Community voice in climate work is essential. Communities experiencing climate impacts should have meaningful voice in developing solutions. Imposing solutions without community engagement typically fails. Centering community knowledge and leadership produces better solutions and builds community power.
Integrating Climate Into Nonprofit Strategy
Assess your mission's connection to climate. Is climate directly relevant? Indirectly relevant? Address this explicitly in your strategic planning. How will you address climate in your work?
Build climate expertise and perspective into your organization. This might mean hiring staff with climate knowledge, engaging community climate leaders, or developing board expertise. Organizations with climate literacy make better decisions and stronger strategy.
Partner with climate and environmental organizations. Rather than trying to address climate alone, partner with environmental groups. Partnerships multiply impact and bring complementary expertise.

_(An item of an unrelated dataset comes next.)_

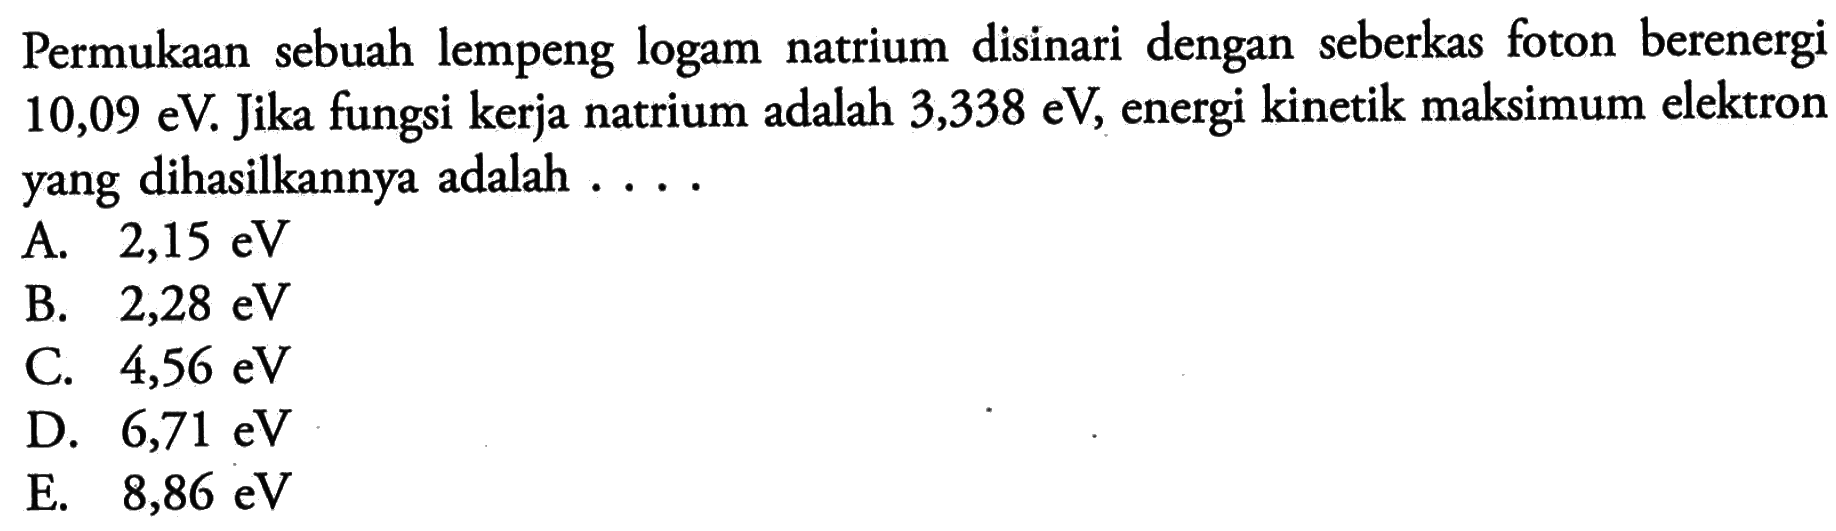 Permukaan sebuah lempeng logam natrium disinari dengan seberkas foton berenergi  10,09 eV . Jika fungsi kerja natrium adalah  3,338 eV , energi kinetik maksimum elektron yang dihasilkannya adalah  ... . 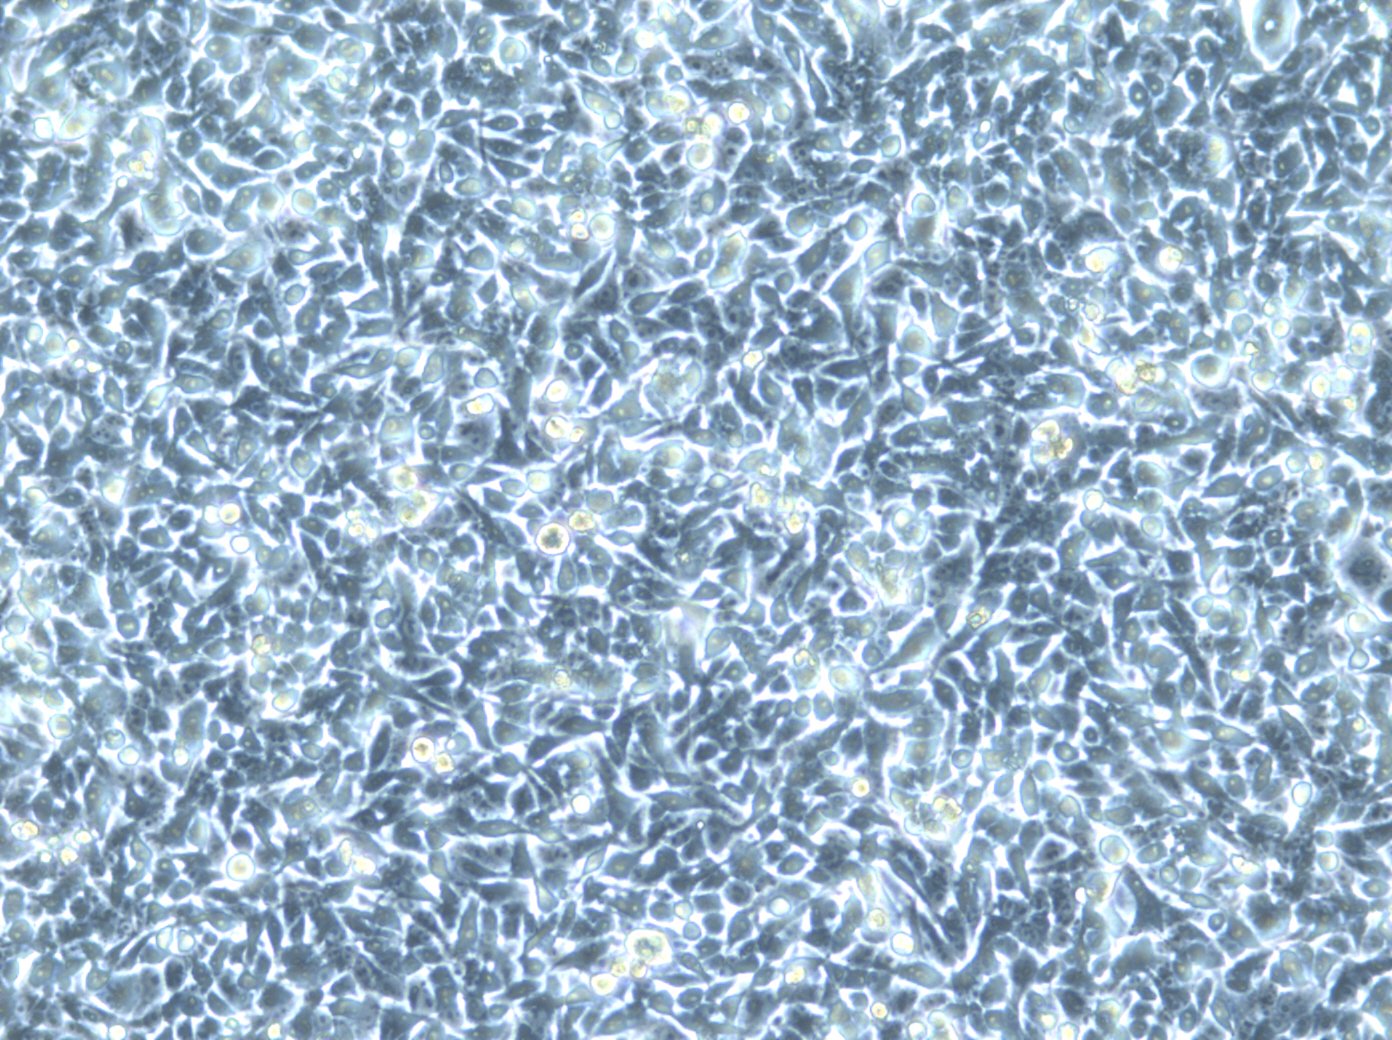 HK EGFP-LaminA/H2B-mCherry-Zellen

Frequently Asked Questions
Q: Is climate work appropriate for all nonprofits?
A: Directly working on climate mitigation is appropriate for climate organizations. Indirectly addressing climate impacts (through health, housing, poverty, education work) is appropriate for most nonprofits. Practicing sustainability in operations is appropriate and expected for all nonprofits. Every nonprofit should at least reduce its own environmental impact.
Q: Is sustainability work going to increase our costs?
A: Some sustainability investments do cost more upfront (renewable energy, sustainable procurement). However, long-term operational costs often decrease (energy efficiency reduces utility bills). Some sustainability practices cost less (waste reduction, eliminating single-use items). It's not that sustainability always costs more, but some investments require upfront cost for long-term savings.
Q: What if our community doesn't prioritize climate?
A: Community priorities matter. If you're working on housing and community doesn't see climate as housing issue, you can still design climate-resilient housing. If you're working on agriculture and drought affects farmers, climate is already affecting your community even if not explicitly named. Meet communities where they are while building understanding of climate connections.
Q: How do we build climate literacy in our organization?
A: Start with training for board and staff. Bring in climate experts to educate your organization. Read and discuss climate-relevant material. Assess your program areas for climate connections. Build climate understanding gradually through education, not crisis. Organizations that invest early in climate literacy are better positioned for decisions ahead.